Zum Einen äußerte sich Remo Uherek, Geschäftsführer bei Trigami, sehr offen: "1. Wir als Trigami haben grossen Mist gebaut! Punkt." Firmenintern habe es einen Fehler bei der Kommunikation gegeben, der überhaupt erst dazu geführt hat, dass der Auftrag in Form eines Advertorials umgesetzt wurde, es hätten ursprünglich ganz einfache Rezensionen werden sollen, bei denen die Autoren keinerlei Vorgaben bekommen sollen hätten. Ein an gleicher Stelle zitierter Brief von Peter Bilz-Wohlgemuth, verantwortlich bei sueddeutsche.de für diese Marketingkampagne, enthält folgende Einlassung: "Wir wollten eine virale Kampagne lancieren ... Das war ein Fehler." Die Süddeutsche hat die Kampagne konsequenterweise sofort stoppen lassen, denn das Etikett "Qualitätsjournalismus", welches das Blatt für sich selbst beansprucht, verträgt sich mit dieser Art von Marketing überhaupt nicht.
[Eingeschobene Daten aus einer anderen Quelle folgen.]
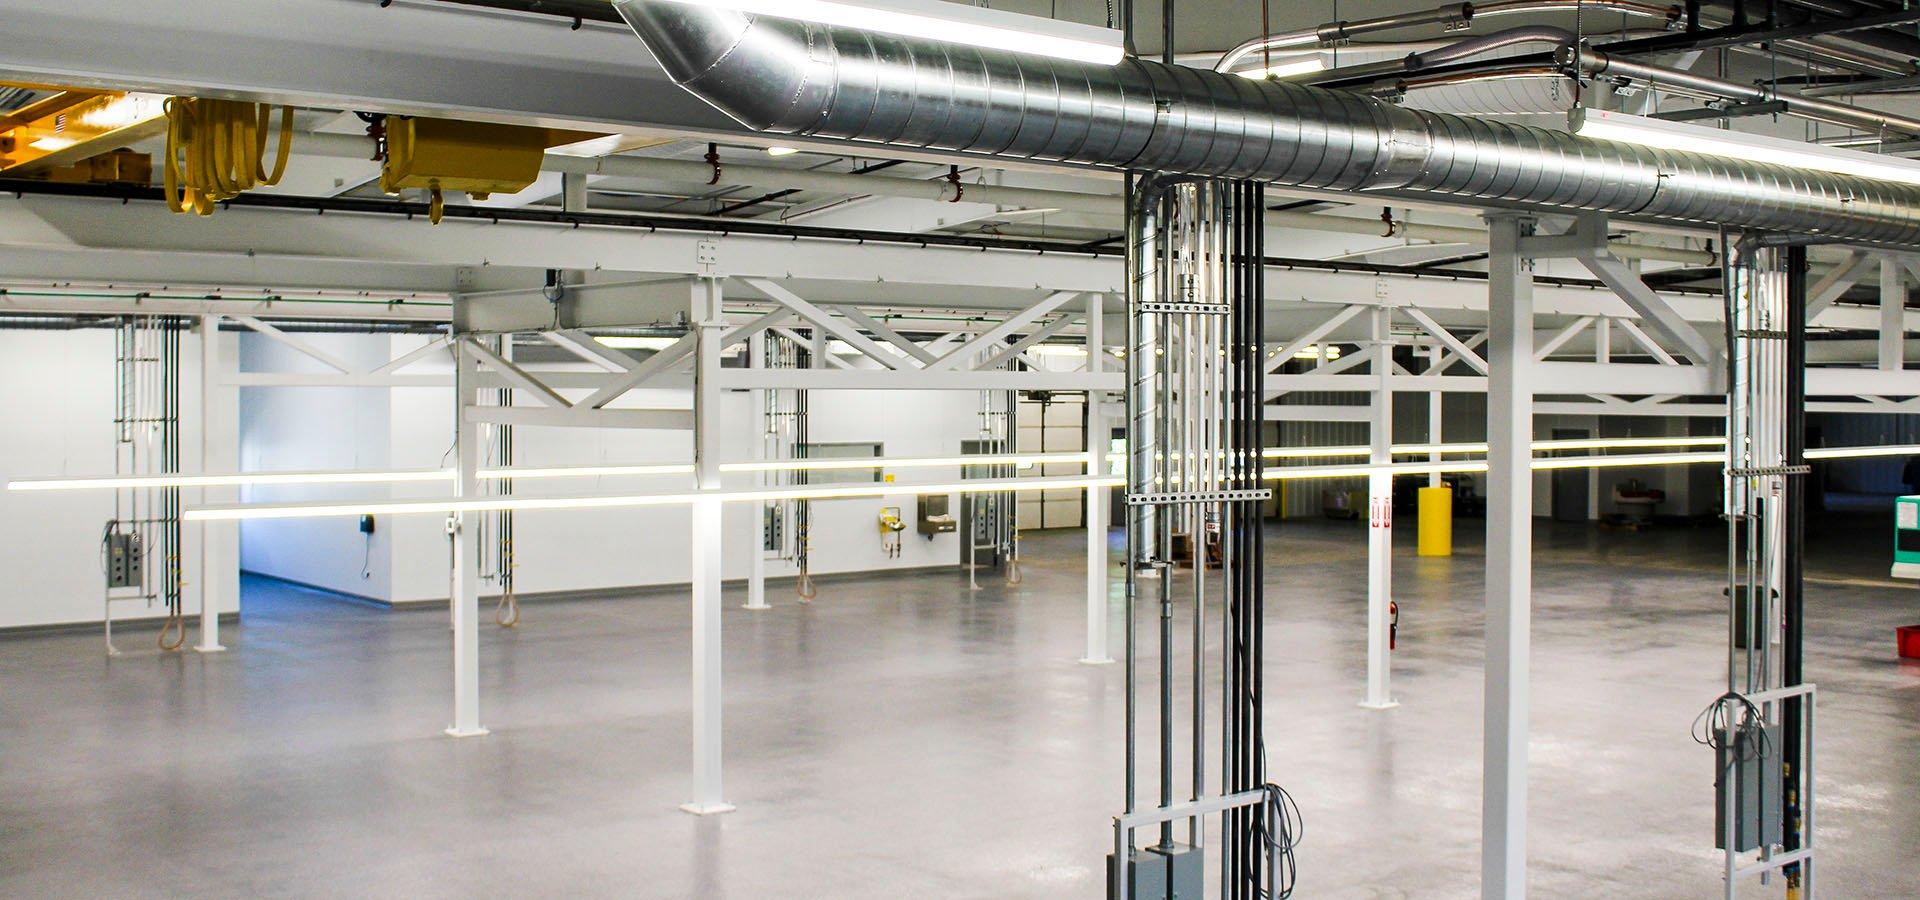 Ironwood plastics Inc. | Two Rivers, Wisconsin | A.C.E. Building Service
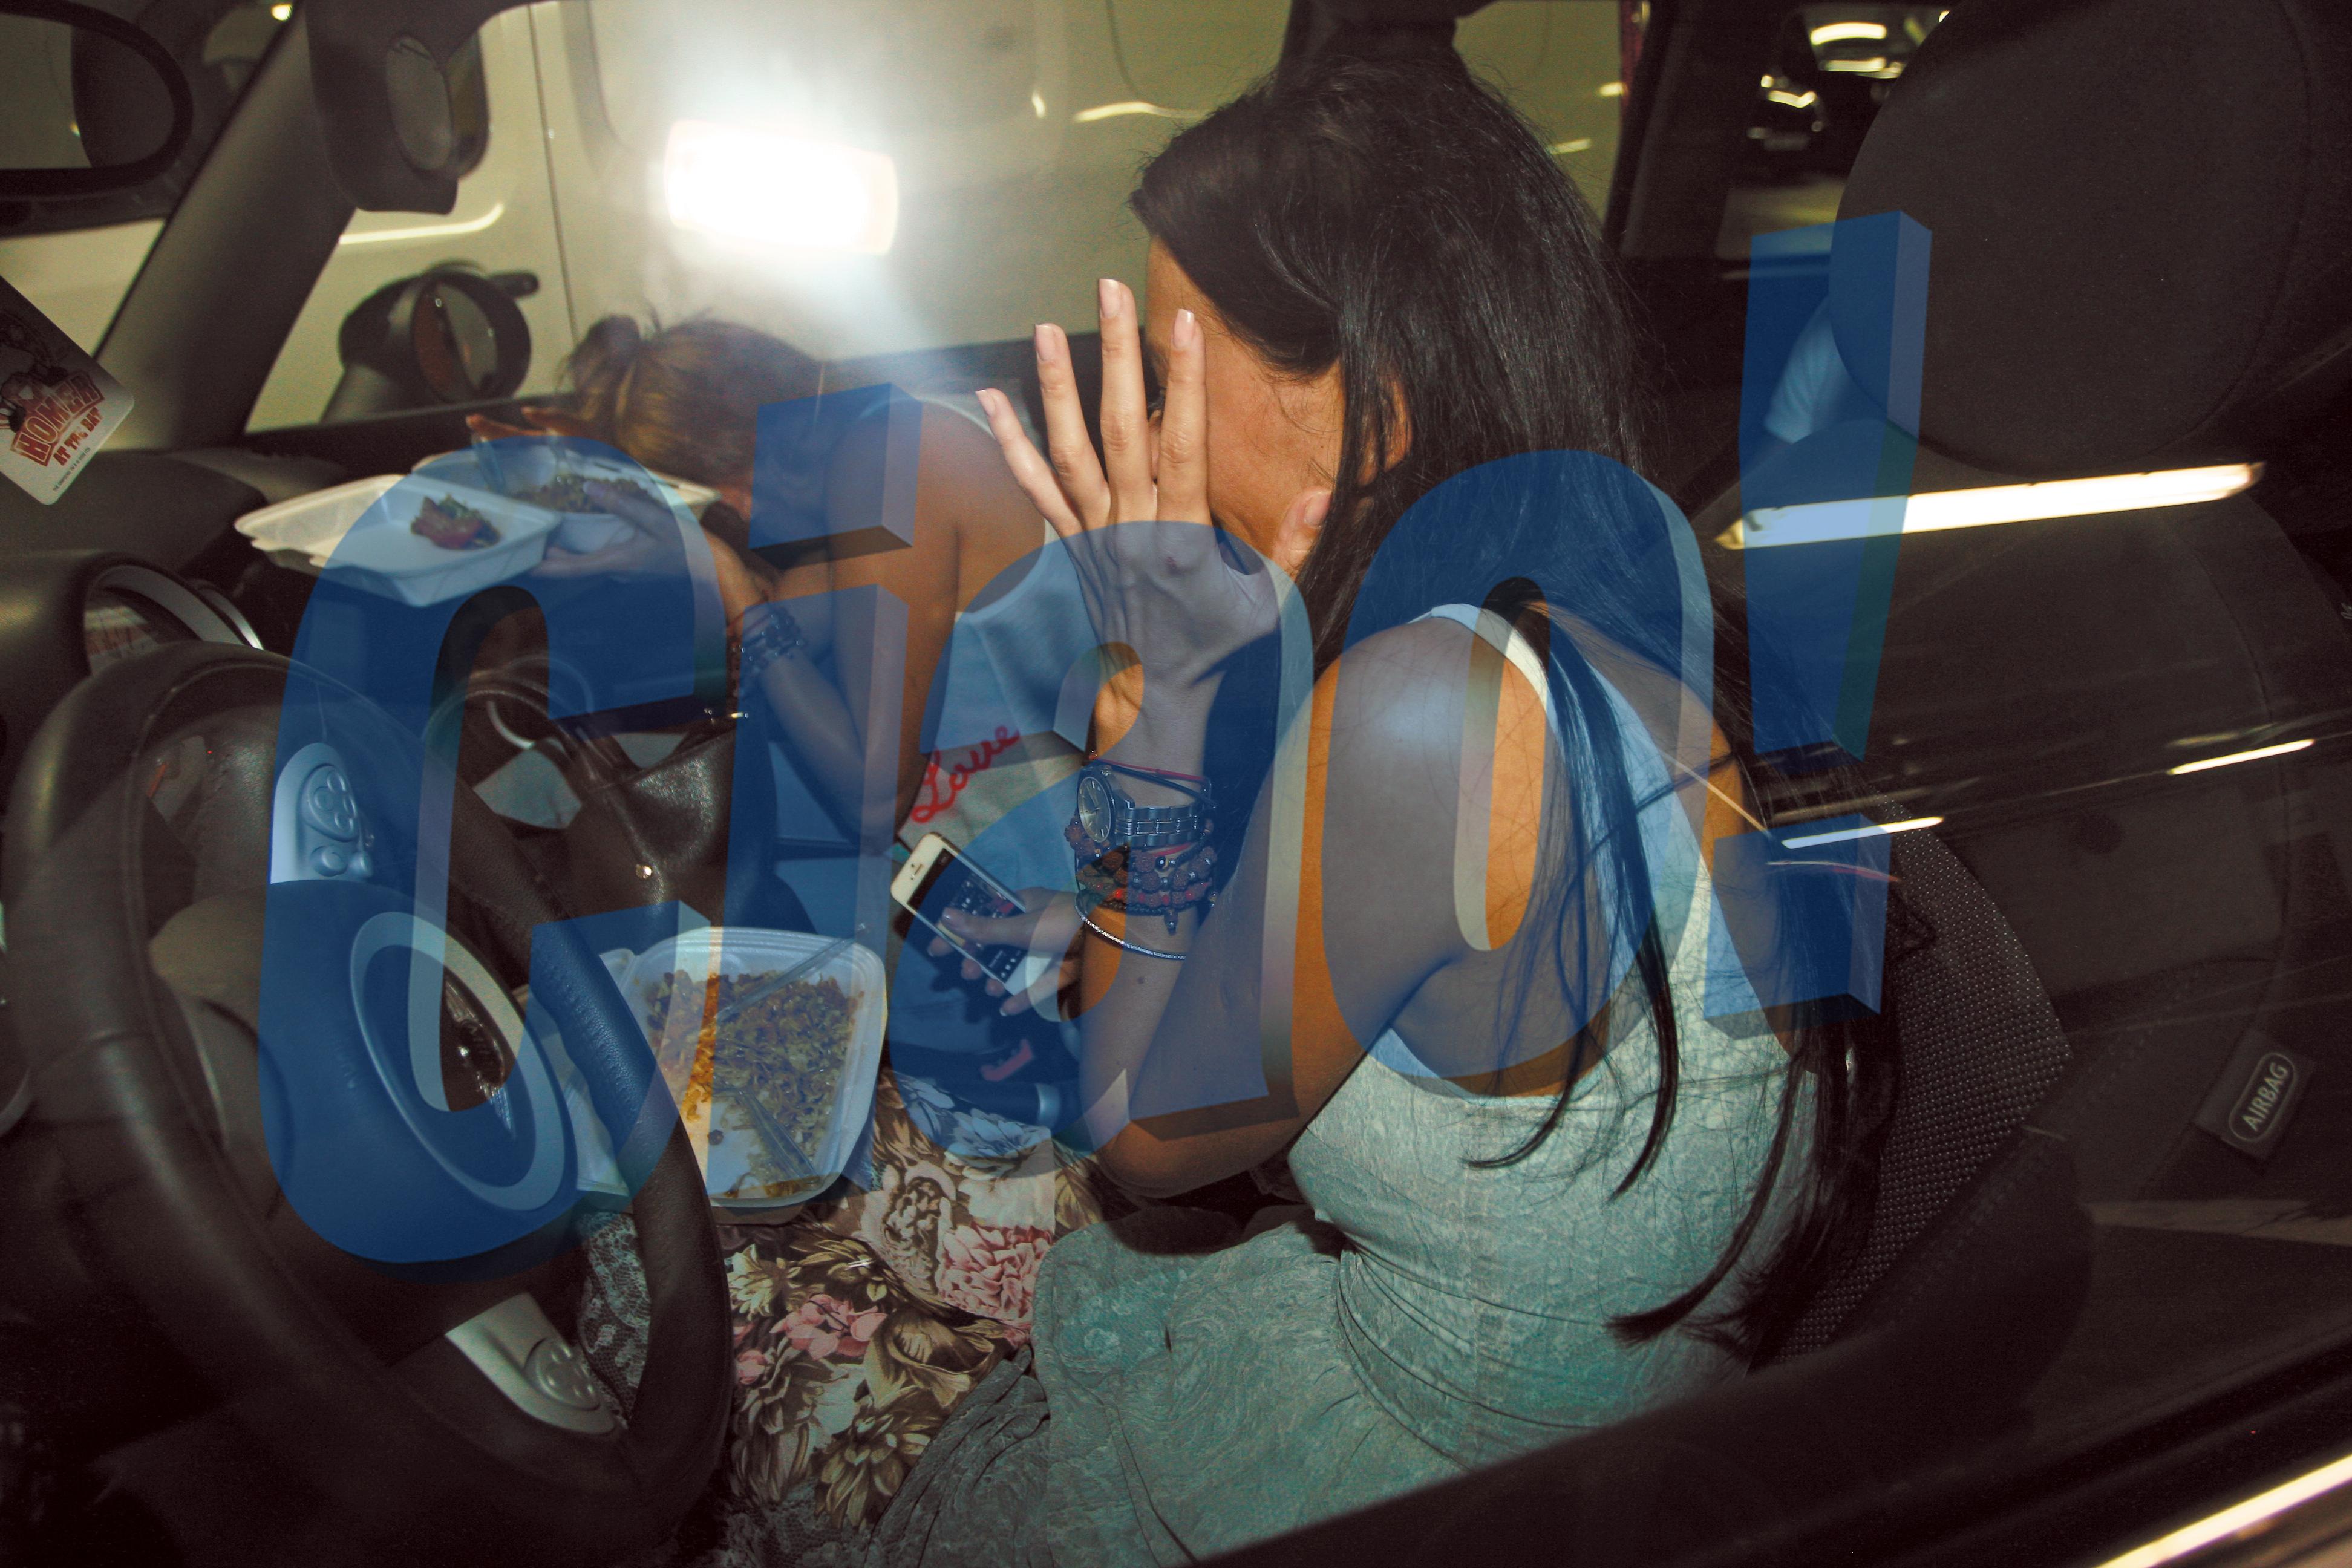 Surorile Bambi au ramas socate cand au vazut blitzurile aparatelor foto

Insgesamt wirkt das Ganze etwas überstürzt und auf jeden Fall unausgereift. So haben die Blogger zwar für ihre Tätigkeit ein Honorar bekommen, die Kosten von 1,59 Euro für die App wurden ihnen aber nicht als Spesen auf die Rechnung gesetzt – ein eher unübliches geschäftliches Gebaren. Dass allerdings ein Standardhonorar von nur 17 Euro gezahlt wurde, dementiert Uherek in einem Update zum bereits zitierten Blogeintrag.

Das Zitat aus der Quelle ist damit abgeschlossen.